■ Action item: Answer with the exact lines of the following material from the one containing "Foto de un profesor" through the one containing "Mann mit einem", both end lines included.

───── Data for this exercise ─────

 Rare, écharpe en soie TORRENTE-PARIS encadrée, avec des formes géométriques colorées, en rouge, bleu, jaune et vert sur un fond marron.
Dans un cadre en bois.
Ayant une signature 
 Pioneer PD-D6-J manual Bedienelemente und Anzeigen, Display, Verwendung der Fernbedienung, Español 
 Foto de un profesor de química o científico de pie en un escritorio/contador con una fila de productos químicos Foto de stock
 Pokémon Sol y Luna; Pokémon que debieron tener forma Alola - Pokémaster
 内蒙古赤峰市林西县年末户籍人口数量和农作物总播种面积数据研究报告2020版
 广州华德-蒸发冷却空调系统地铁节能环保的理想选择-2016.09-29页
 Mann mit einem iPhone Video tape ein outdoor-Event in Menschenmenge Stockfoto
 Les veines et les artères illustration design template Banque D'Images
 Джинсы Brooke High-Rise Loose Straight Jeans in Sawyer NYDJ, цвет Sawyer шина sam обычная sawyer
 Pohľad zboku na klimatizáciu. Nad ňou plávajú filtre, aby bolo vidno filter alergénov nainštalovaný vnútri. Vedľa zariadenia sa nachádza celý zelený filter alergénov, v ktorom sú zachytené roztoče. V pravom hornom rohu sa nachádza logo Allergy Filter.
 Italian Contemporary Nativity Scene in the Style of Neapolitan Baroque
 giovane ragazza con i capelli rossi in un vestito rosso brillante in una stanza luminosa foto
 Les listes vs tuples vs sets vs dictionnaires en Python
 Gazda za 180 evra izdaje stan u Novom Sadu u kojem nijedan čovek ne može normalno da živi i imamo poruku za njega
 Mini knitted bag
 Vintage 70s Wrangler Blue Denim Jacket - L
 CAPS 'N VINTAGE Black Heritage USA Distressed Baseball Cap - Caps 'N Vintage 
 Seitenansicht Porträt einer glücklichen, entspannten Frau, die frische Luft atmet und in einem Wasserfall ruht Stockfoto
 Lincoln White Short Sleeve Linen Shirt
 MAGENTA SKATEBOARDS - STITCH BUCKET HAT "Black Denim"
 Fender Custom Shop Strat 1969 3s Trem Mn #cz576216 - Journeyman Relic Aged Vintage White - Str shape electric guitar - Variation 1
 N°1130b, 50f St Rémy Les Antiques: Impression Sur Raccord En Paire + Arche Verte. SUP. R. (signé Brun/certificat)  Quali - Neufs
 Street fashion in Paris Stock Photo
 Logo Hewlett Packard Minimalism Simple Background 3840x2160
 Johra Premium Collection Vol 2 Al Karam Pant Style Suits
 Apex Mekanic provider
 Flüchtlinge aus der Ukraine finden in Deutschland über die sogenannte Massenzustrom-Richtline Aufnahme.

─────

■ Response to this exercise:
 Foto de un profesor de química o científico de pie en un escritorio/contador con una fila de productos químicos Foto de stock
 Pokémon Sol y Luna; Pokémon que debieron tener forma Alola - Pokémaster
 内蒙古赤峰市林西县年末户籍人口数量和农作物总播种面积数据研究报告2020版
 广州华德-蒸发冷却空调系统地铁节能环保的理想选择-2016.09-29页
 Mann mit einem iPhone Video tape ein outdoor-Event in Menschenmenge Stockfoto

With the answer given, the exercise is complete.